# 2011 North Coast H.O. wrap up



## eastside johnny (May 13, 2008)

Here's a wrap up of the 2011 North Coast H.O. season Hope that the scans can be read! 
1st a list of the season's winners
2nd the final series points
3rd the final track points
When I click on the thumb nail shots they pop up larger with a + option on the pointer to make them bigger.
Hope that works


----------



## neorules (Oct 20, 2006)

Looks good guys!! Hope next year sees a continued turnout with some new recruits. Also what chassis in the LL classes?


----------



## eastside johnny (May 13, 2008)

neorules said:


> Looks good guys!! Hope next year sees a continued turnout with some new recruits. Also what chassis in the LL classes?

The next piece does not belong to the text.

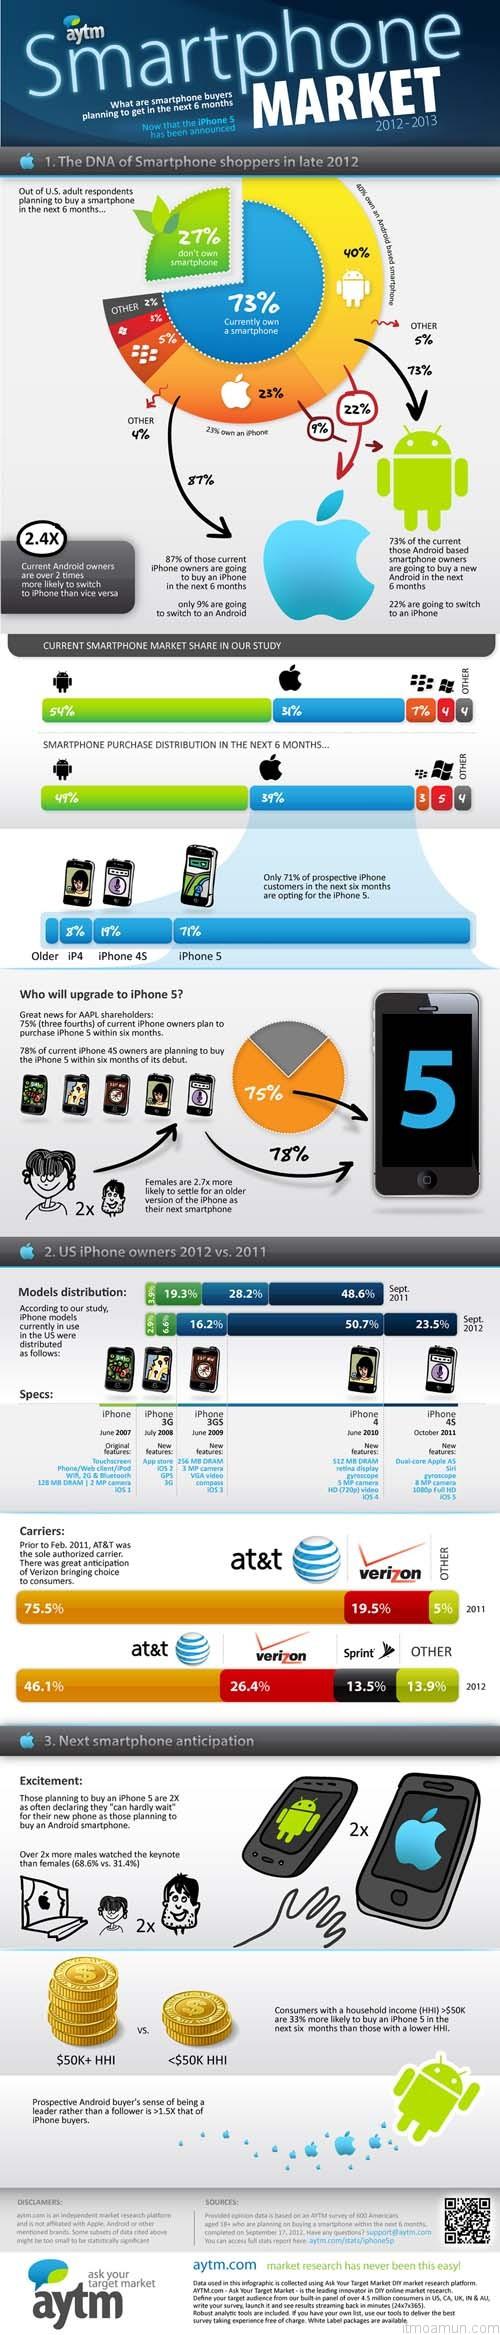 Smartphone Market 2012-2013

The LifeLike Indy cars just fit the M chassis. The sprint cars we allow any of the LifeLike chassis. We also cut down the bodies by lowering the center section between the side pods. Looks a whole lot better & handles a whole lot better. ALSO the sprint cars run a "spec tire" .500 drag tire. The larger tire gets the magnets up away from the track & we cut the power to around 10 volts. Lot more enjoyable & works better on some of the shorter ovals. (I'll look around for a picture or two to post) The stock car class has had some various specs. For a while we ran specific events with the narrow bodies on the M and the wide or COT on the T. Also a few races (and the 2012 season) with any chassis & any stock car body. It's been twelve months a year now for 31 years! Keepin' it simple & having fun.


----------